Give the data again exactly as written, skipping any pictures.

─── Data extract ───

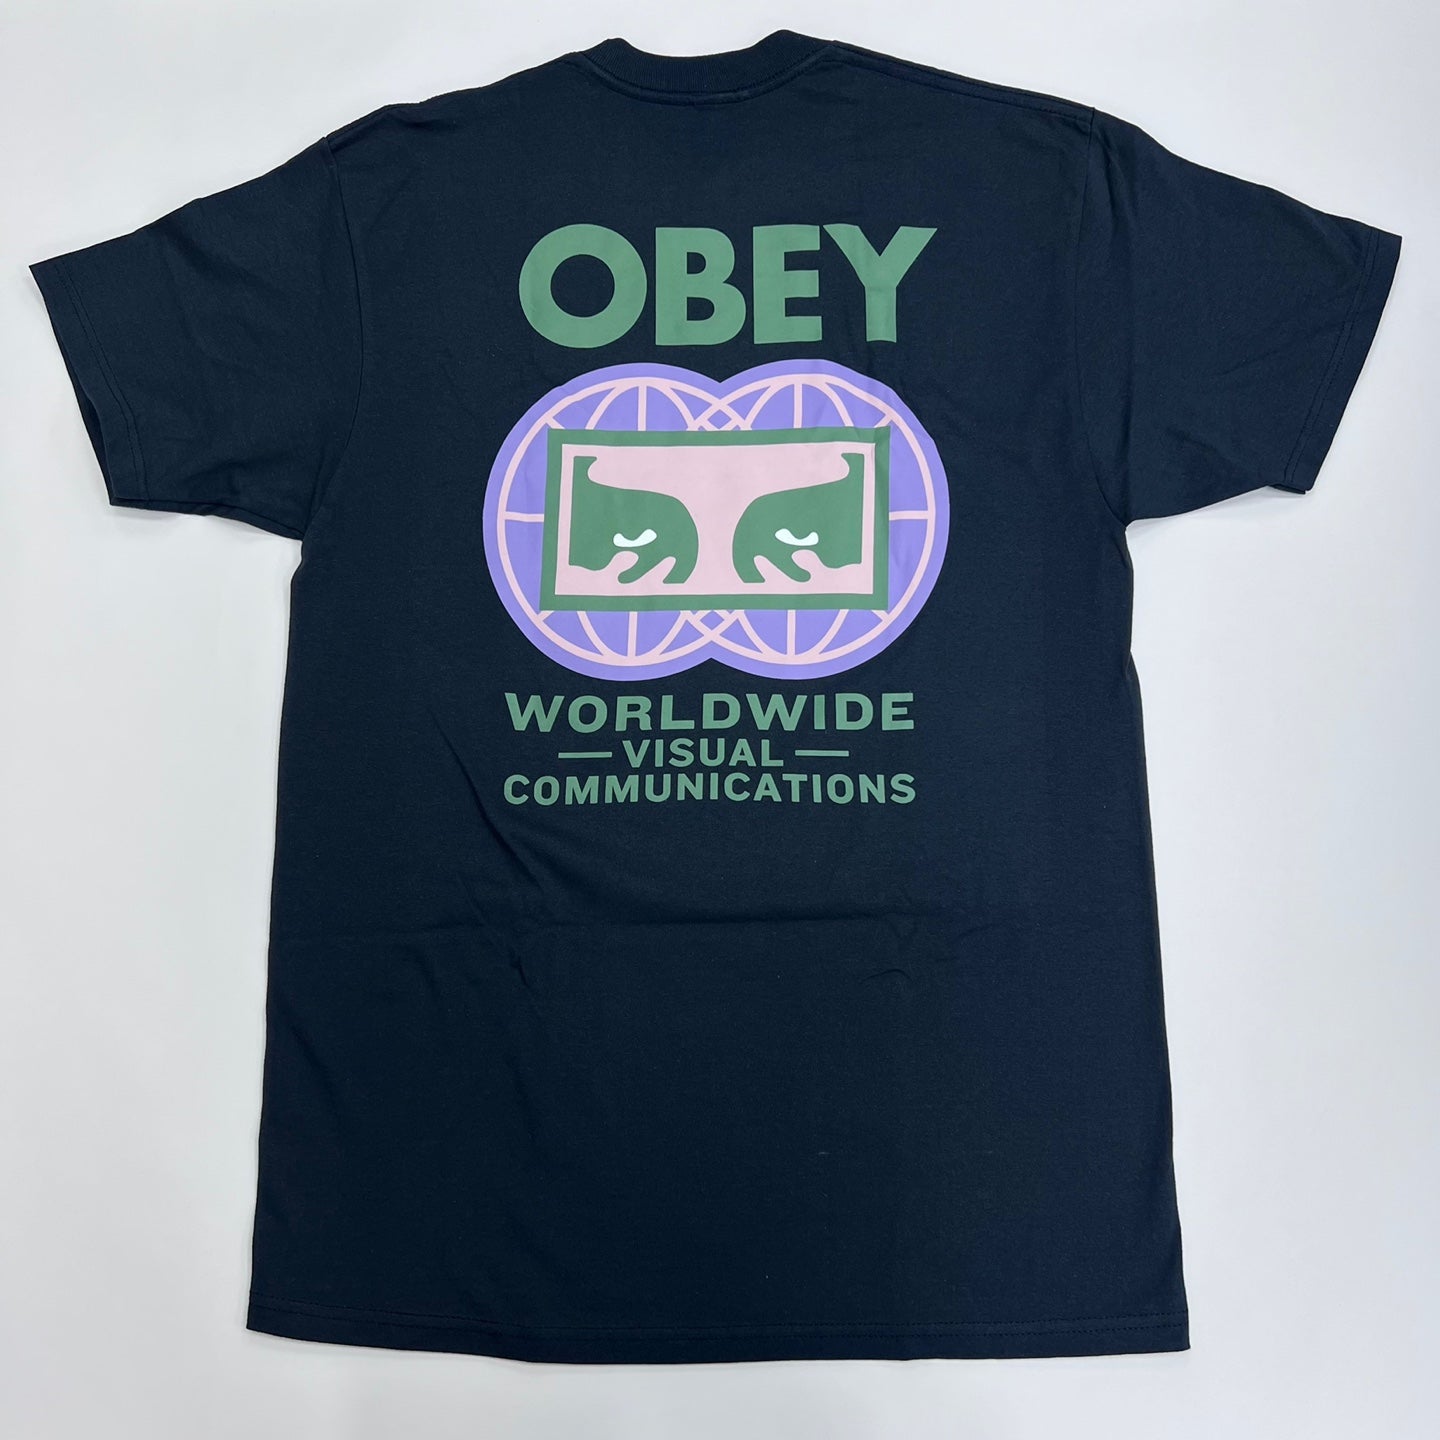 OBEY Worldwide Visual Communications T-Shirt - Navy
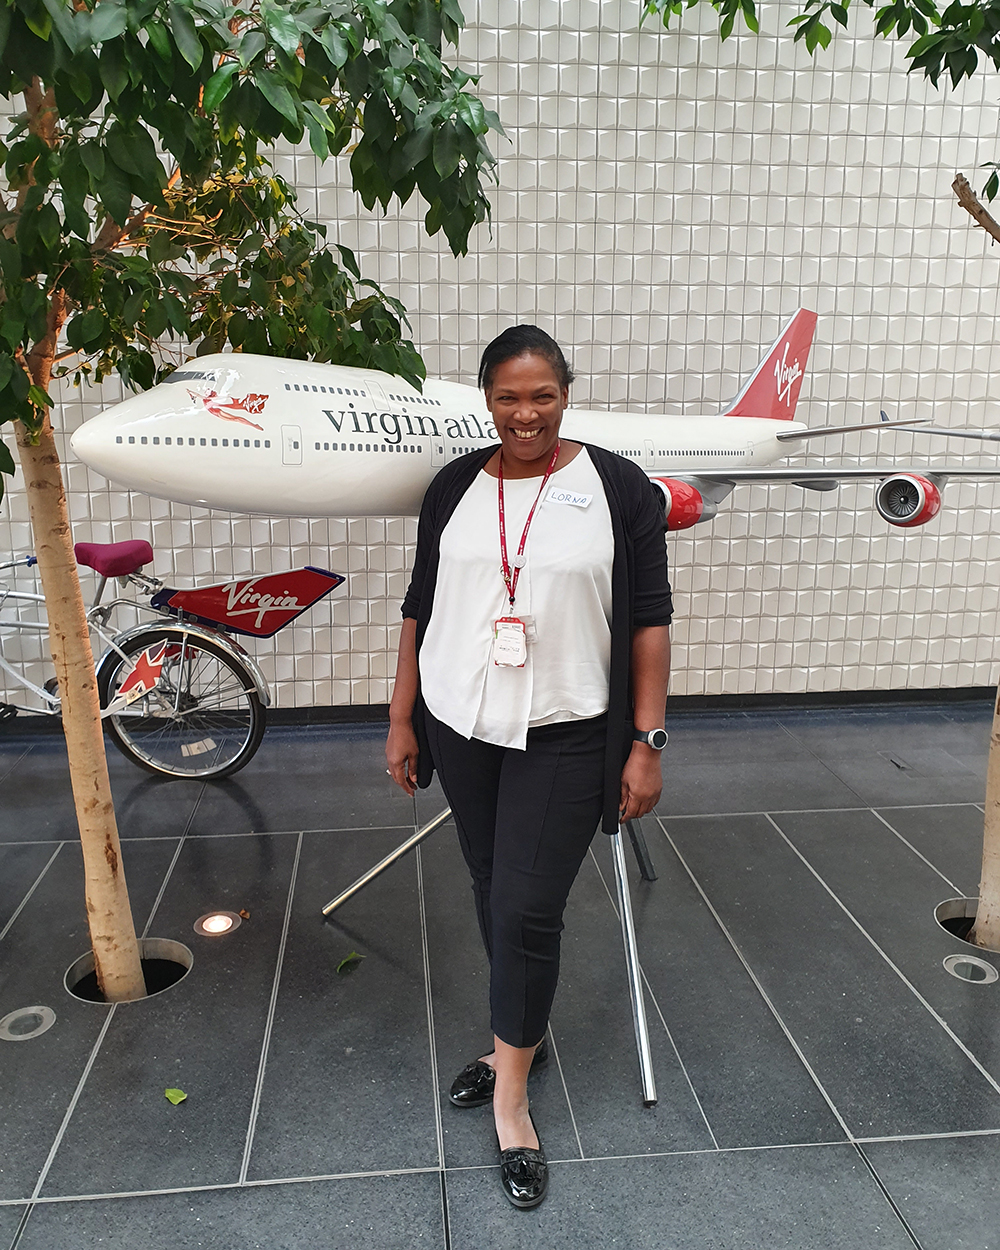 Lorna - Cabin Crew for Virgin Atlantic
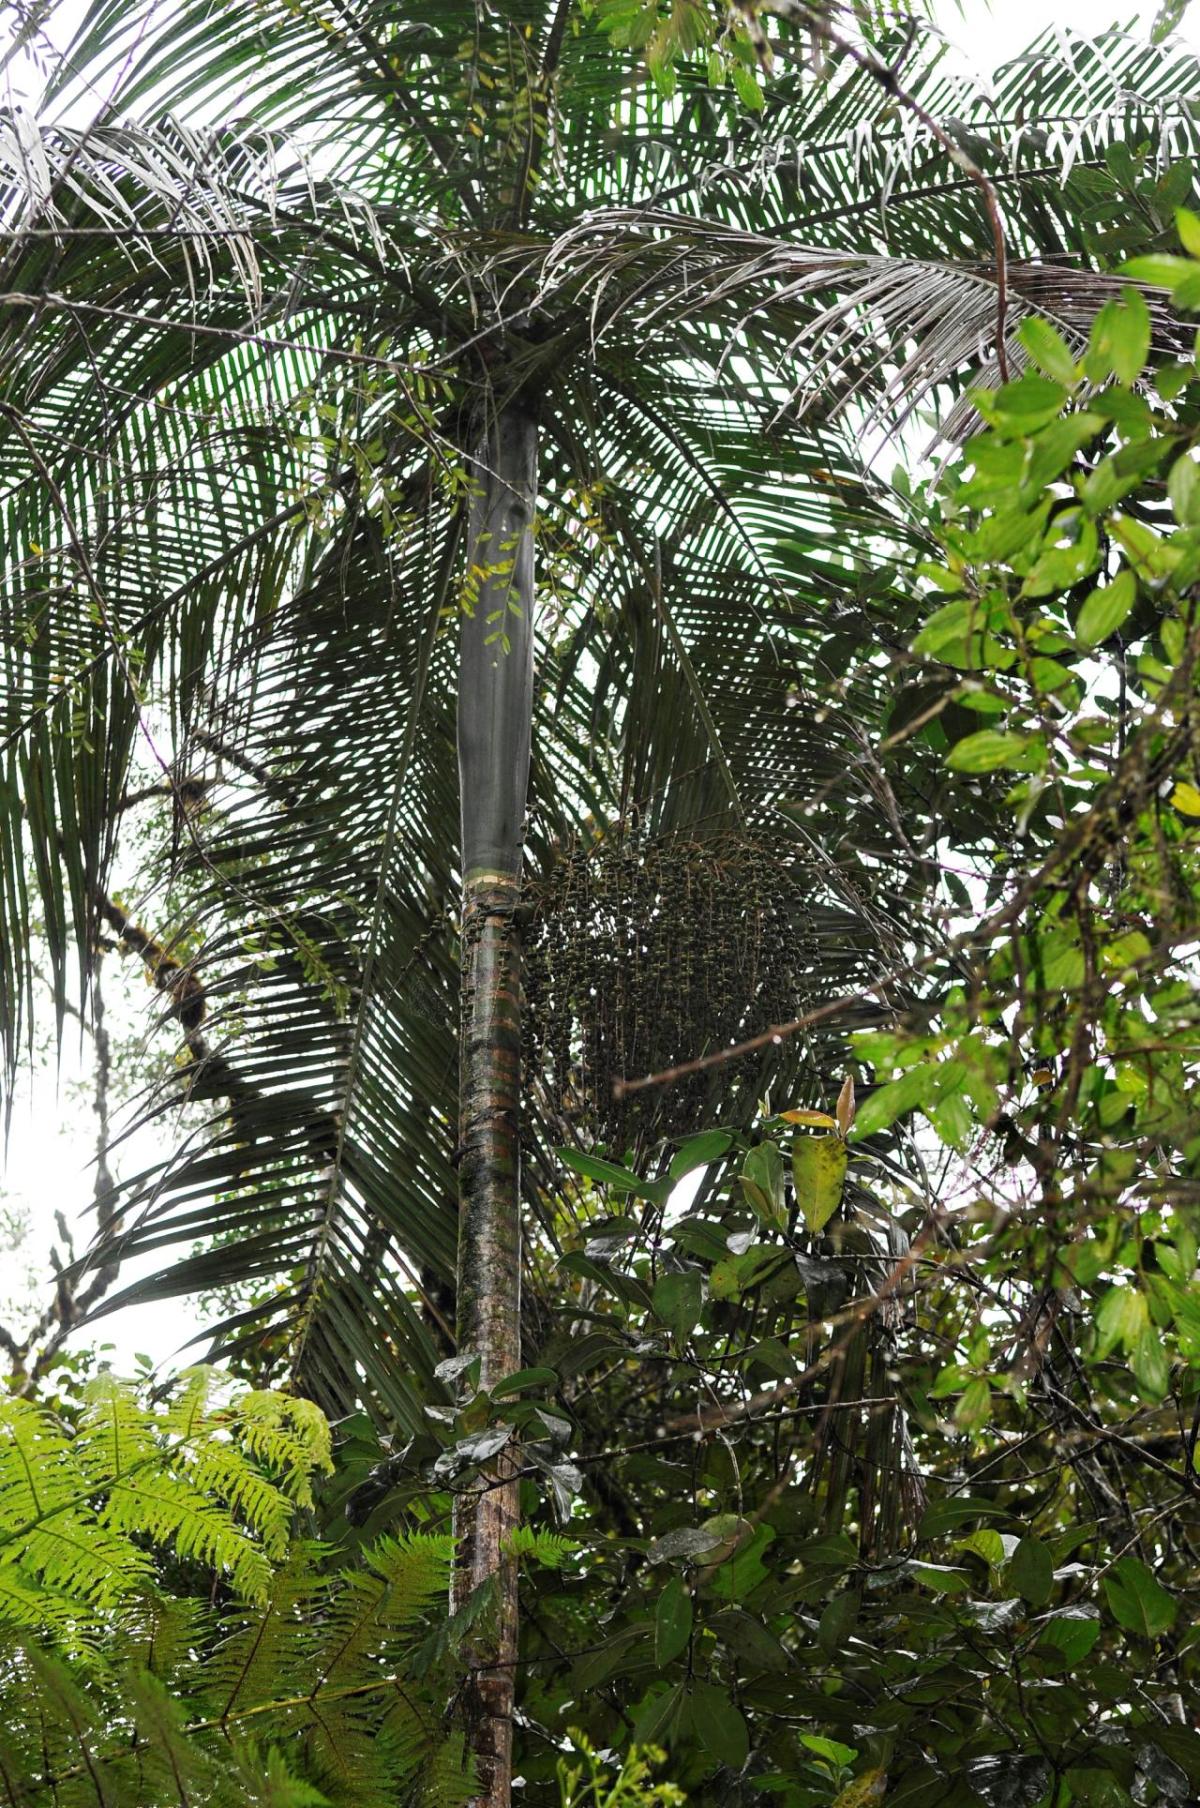 The Juçara Palm mother tree

───

Output below:
 OBEY Worldwide Visual Communications T-Shirt - Navy
 Lorna - Cabin Crew for Virgin Atlantic
 The Juçara Palm mother tree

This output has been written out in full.